Segment Start: Given data
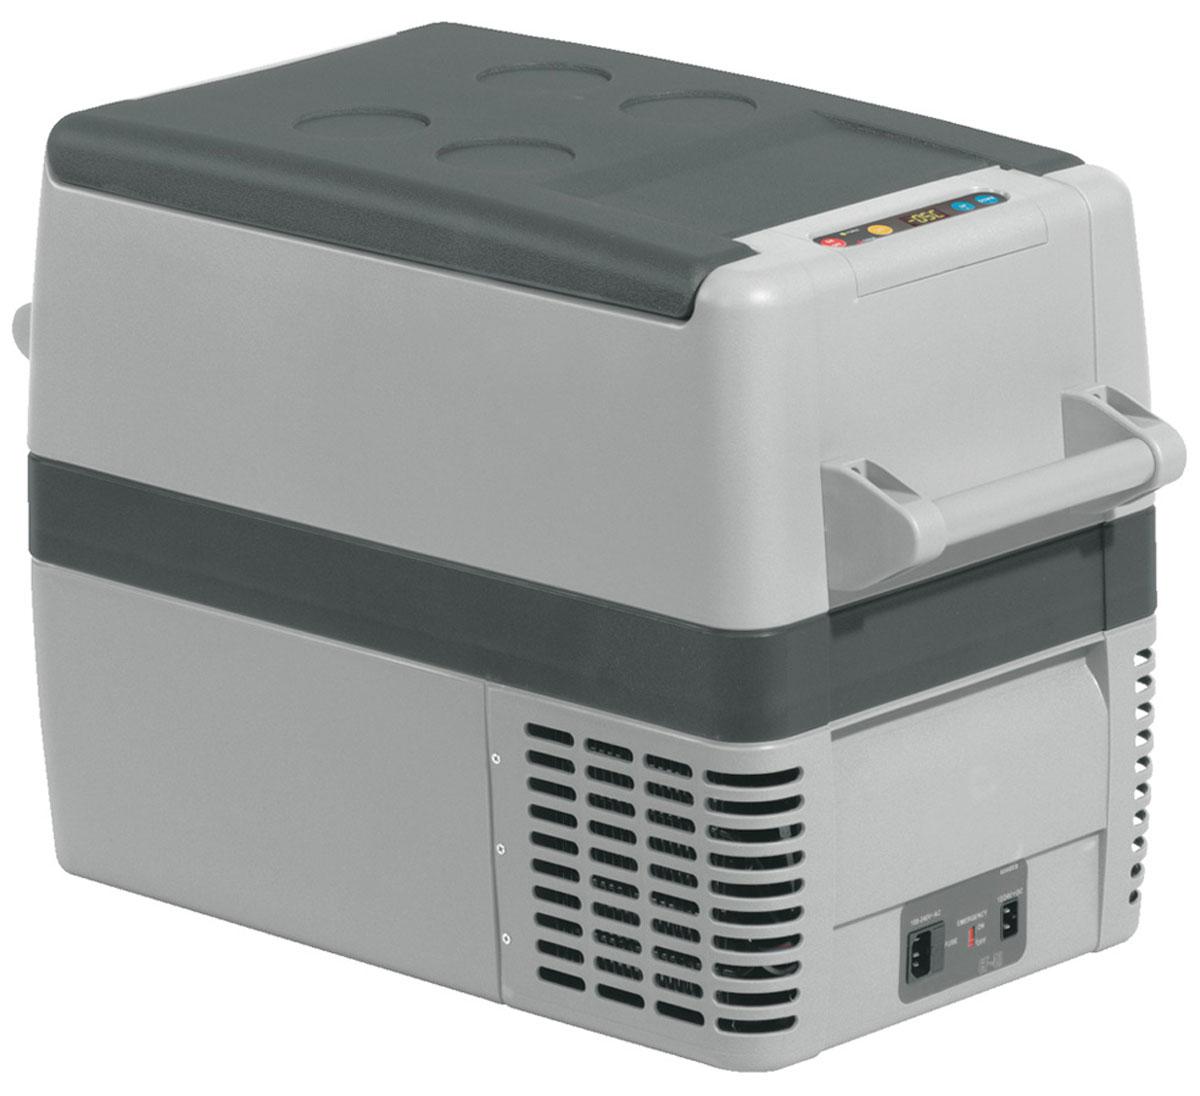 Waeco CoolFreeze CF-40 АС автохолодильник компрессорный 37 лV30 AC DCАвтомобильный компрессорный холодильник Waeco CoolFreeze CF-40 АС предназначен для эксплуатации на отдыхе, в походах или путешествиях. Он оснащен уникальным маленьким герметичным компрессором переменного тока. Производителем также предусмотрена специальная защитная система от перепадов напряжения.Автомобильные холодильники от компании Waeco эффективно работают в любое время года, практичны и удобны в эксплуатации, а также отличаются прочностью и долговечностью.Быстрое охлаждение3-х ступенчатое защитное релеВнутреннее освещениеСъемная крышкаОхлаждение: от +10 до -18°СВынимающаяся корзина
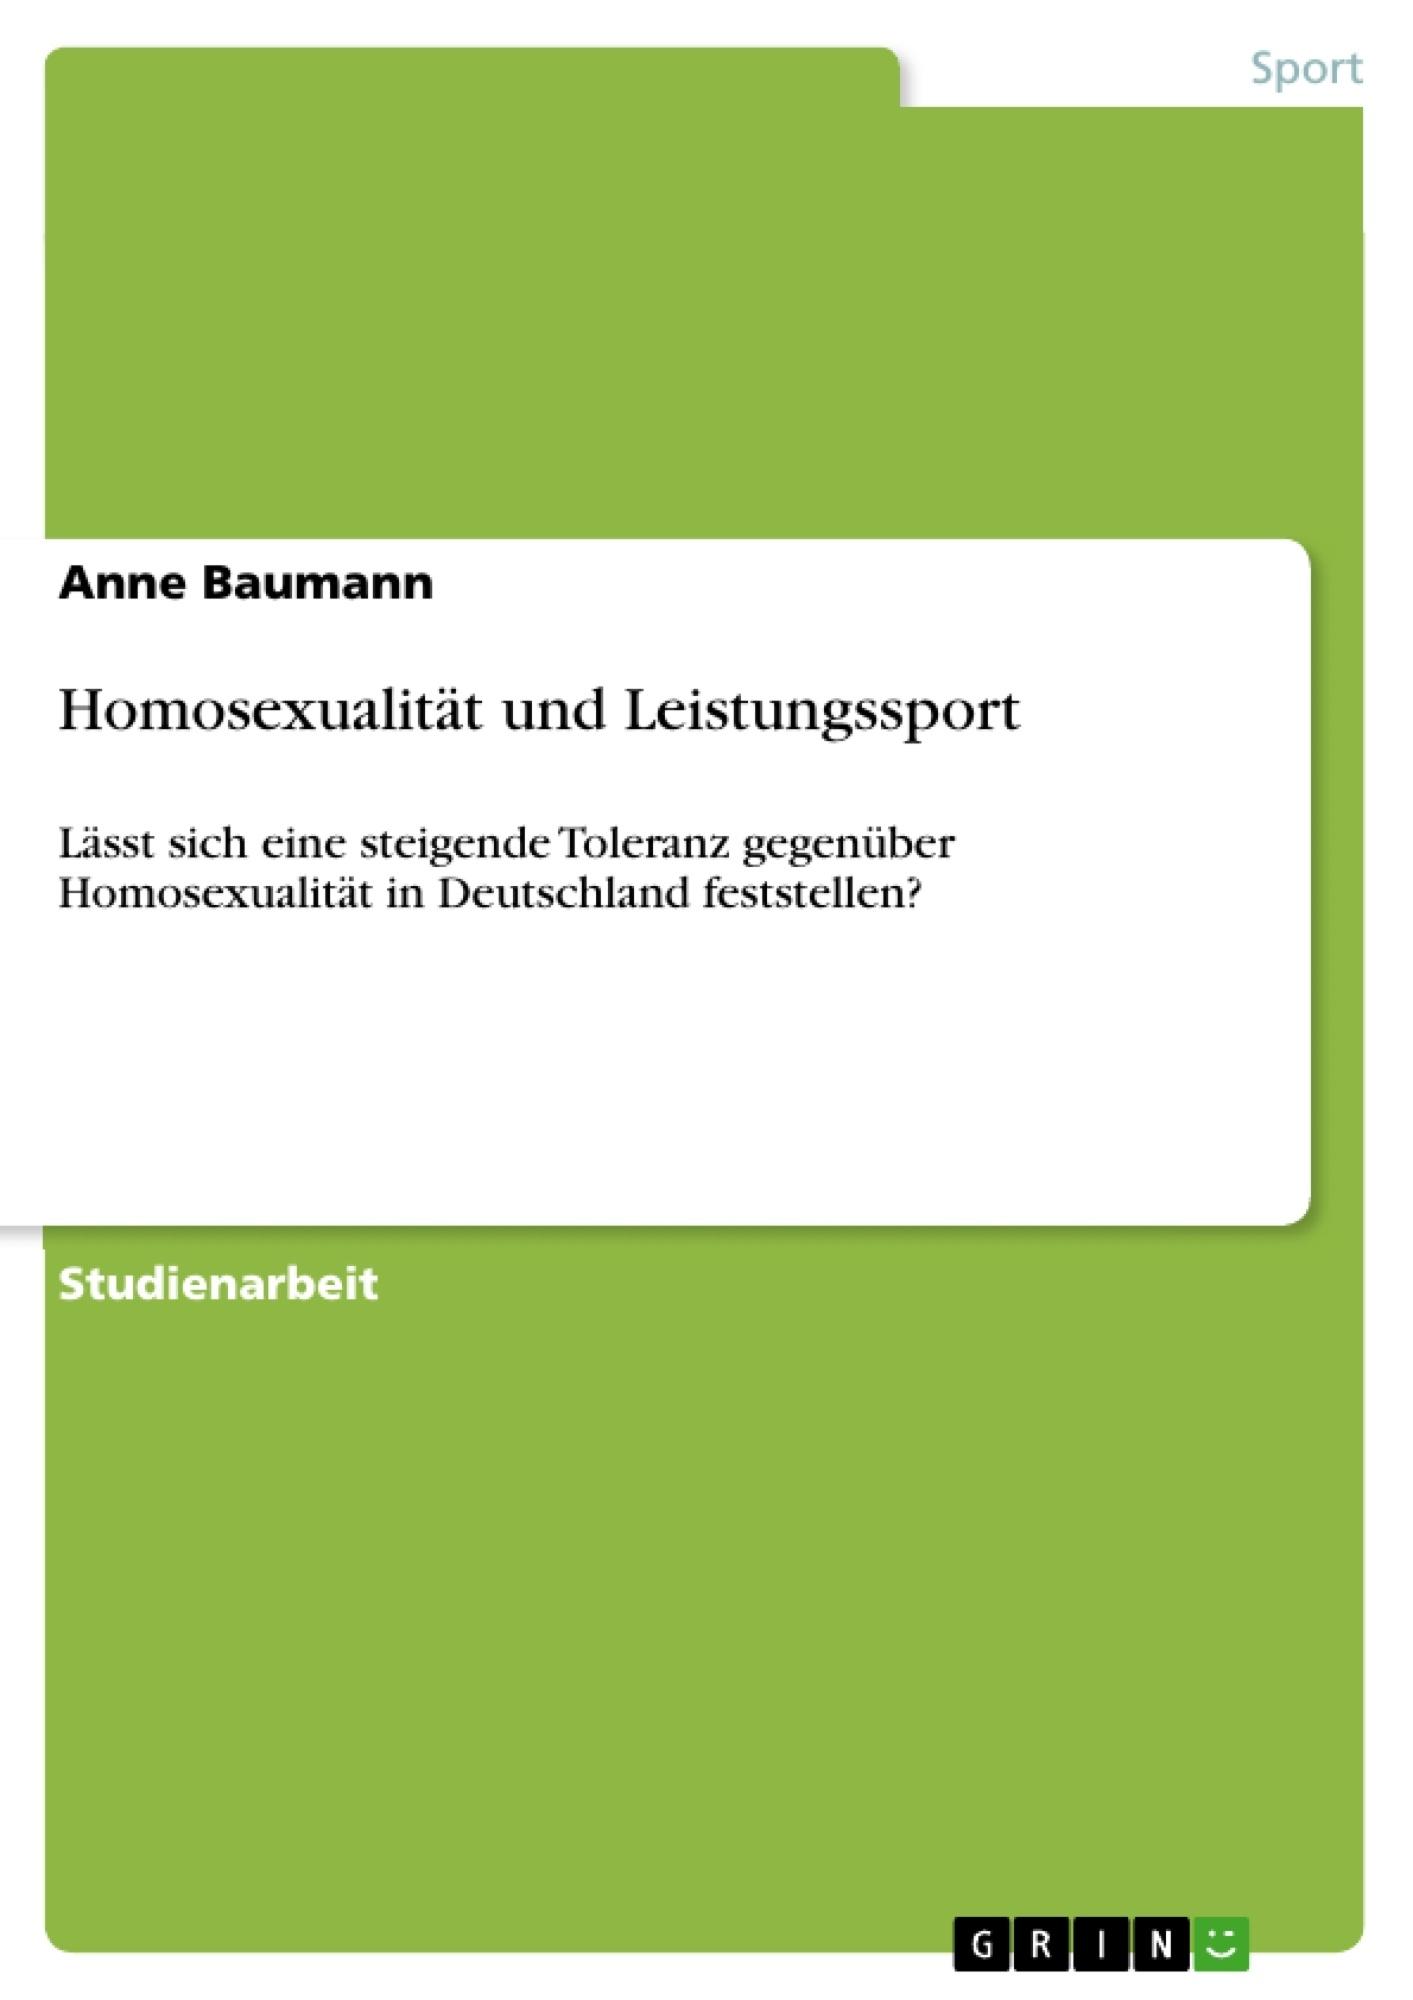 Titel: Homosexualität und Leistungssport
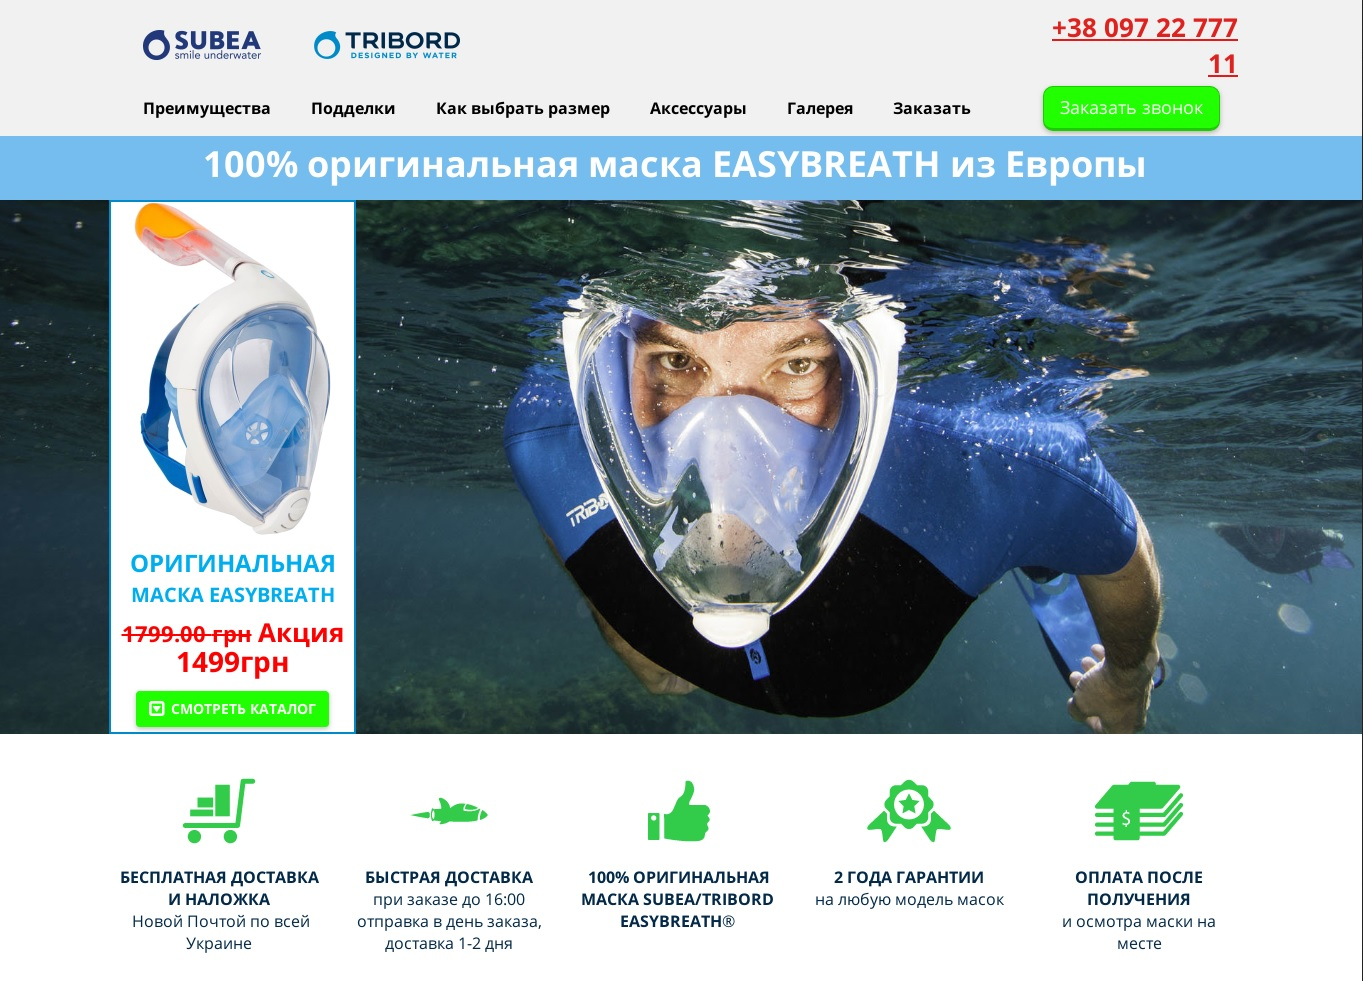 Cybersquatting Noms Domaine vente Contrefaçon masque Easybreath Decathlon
Segment End: Given data
Leave the pictures out, and reproduce only the lines from the line holding "Titel: Homosexualität und Leistungssport" through the last line of the material, both included.

Answer box —
 Titel: Homosexualität und Leistungssport
 Cybersquatting Noms Domaine vente Contrefaçon masque Easybreath Decathlon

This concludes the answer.